A list can also refer to variables. Here for example we store the area for a number of countries in appropriately named variables. Then we store those in a *list*. Finally we use `sum` to calculate the total of that list, and print it.

In [None]:
#Is Africa really as big as this: https://twitter.com/simongerman600/status/944535955867881472
africa = 30.37
#Here are the rest based on quick Google searches
usa = 9.834
india = 3.287
china = 9.597
europe = 10.18
mexico = 1.964
japan = 0.377
countrieslist = [usa,india,china,europe,mexico,japan]
print(countrieslist)
allcountries = sum(countrieslist)
print(allcountries)
print(africa<allcountries)

[9.834, 3.287, 9.597, 10.18, 1.964, 0.377]
35.239
True


### Creating your own functions

Earlier I mentioned how if/else tests might be used over and over again, in which case you may want to save it as a user-defined function. These are functions created by you - the user - and they are created with the command `def` like so:

In [None]:
def myagetest(userage):
    if userage > 25:
        print("The user is over 25")
    elif userage <18:
        print("The user is below 18")
    else:
        print("The user is between 18 and 25")

The `def` is short for *define*. It is followed by:

* a *name* for your new function so that it can be used later. (When a function is used we talk about **calling** a function)
* some *parentheses* inside which... 
* you name the ingredients it needs to work. Basically you are creating variables. When someone calls the function and specifies any ingredients in the parentheses, those ingredients are assigned to these variables.
* a *colon* then, indented after that...
* the code that you want to run when the function is *called*

If you've specified any ingedients then chances are the code is going to do something with that variable.

Once you've **defined** a function like this you call it by using its name like so:

In [None]:
myagetest(22)

The user is between 18 and 25


What happens here is worth breaking down a little. 

Firstly, the code looks for a function called `myagetest` - it needs to have been defined *before* this line runs. 

Secondly, it **passes** the value `22` to that function, as an ingredient - an **argument**.

Now we look at the function as we defined it above. In the line `def myagetest(userage):` that ingredient is given the name `userage`. In other words, `22` is stored in a variable called `userage`, which can then be used by the code inside the function. 

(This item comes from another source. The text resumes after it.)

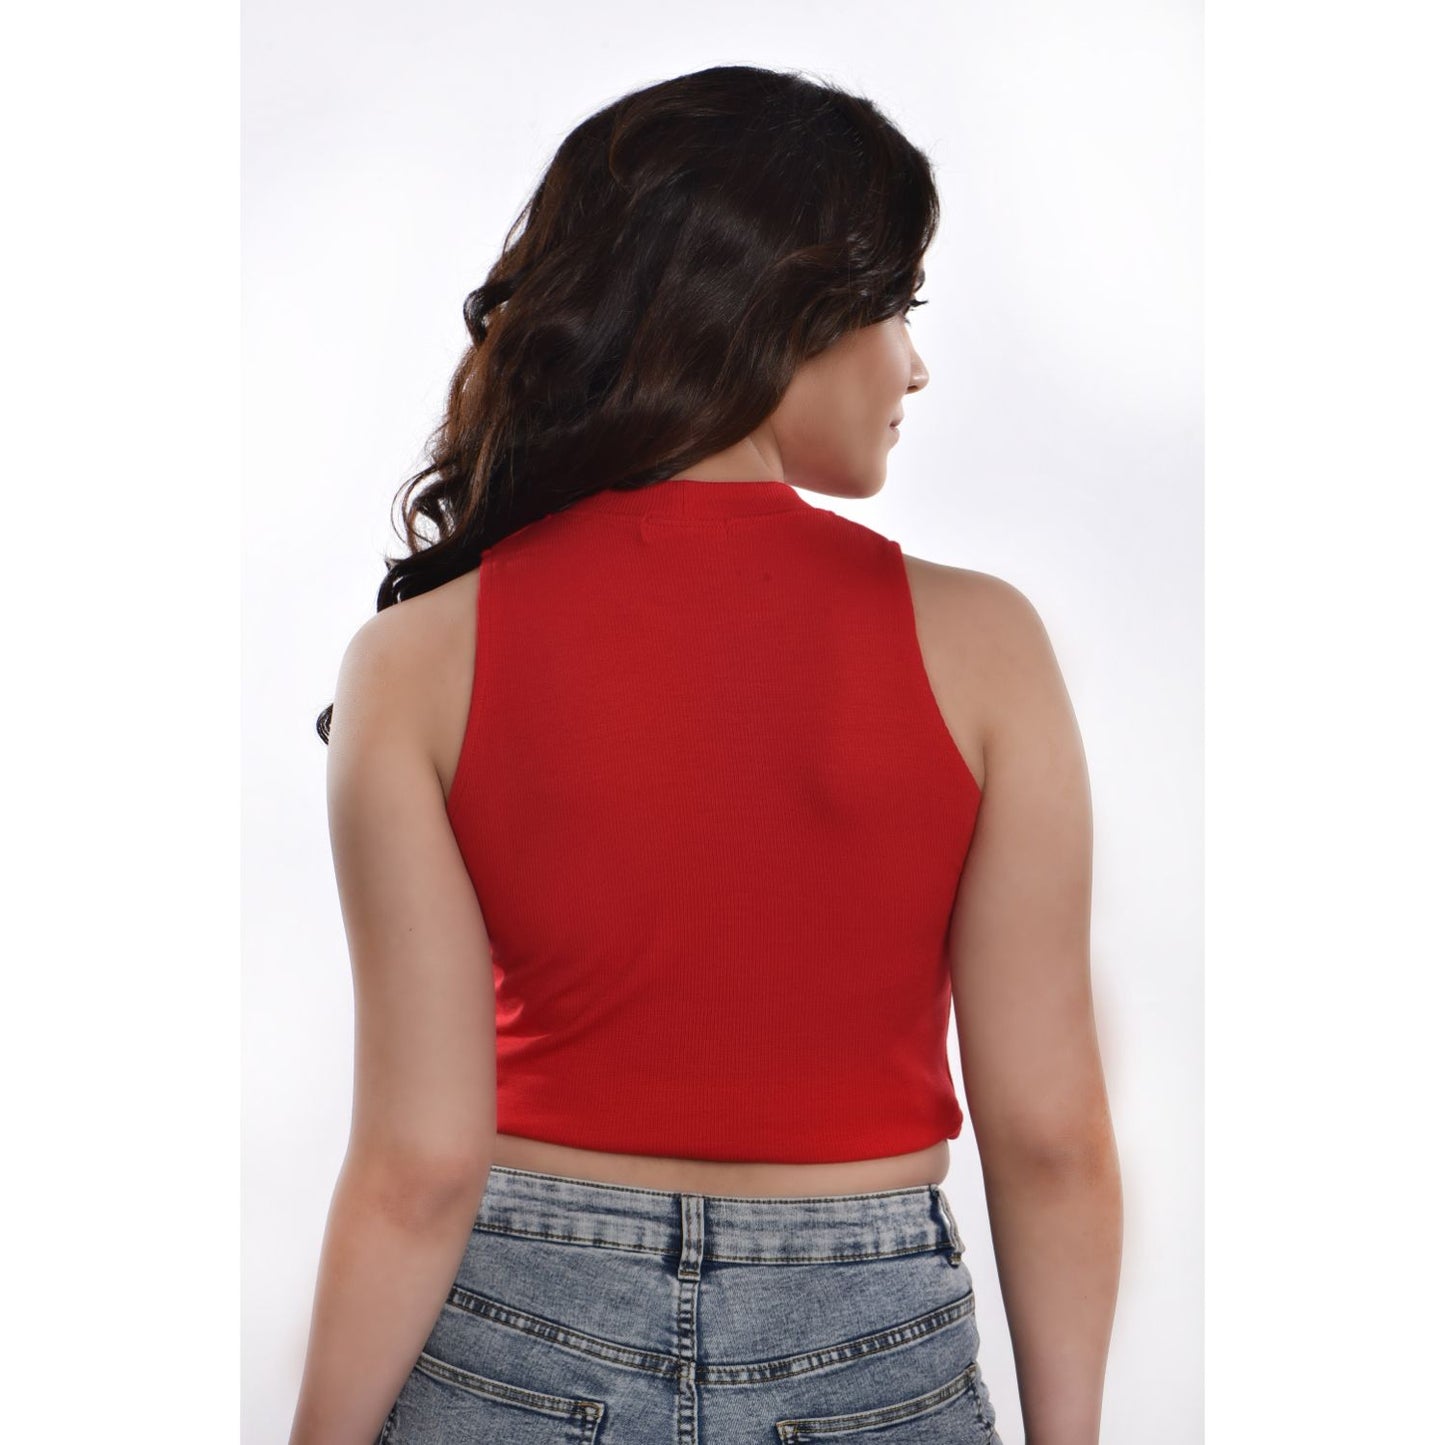 Sleeveless Hosiery Blouses - Red - Blouse featured

This is what's called a **local variable**. In other words, it only exists within the scope of the function itself. Once the function is finished, the variable no longer exists. 

That variable is then tested by the code that comes next, and the relevant `print` command is executed.

*Note: Python comes with a number of built-in functions, but you can access more functions by importing **libraries**.*

## Saving your code

Try to save your code regularly by pressing CTRL+S or CMD+S. You can also export your notebook by selecting **File > Download .ipynb**. This can then be shared with others on GitHub etc.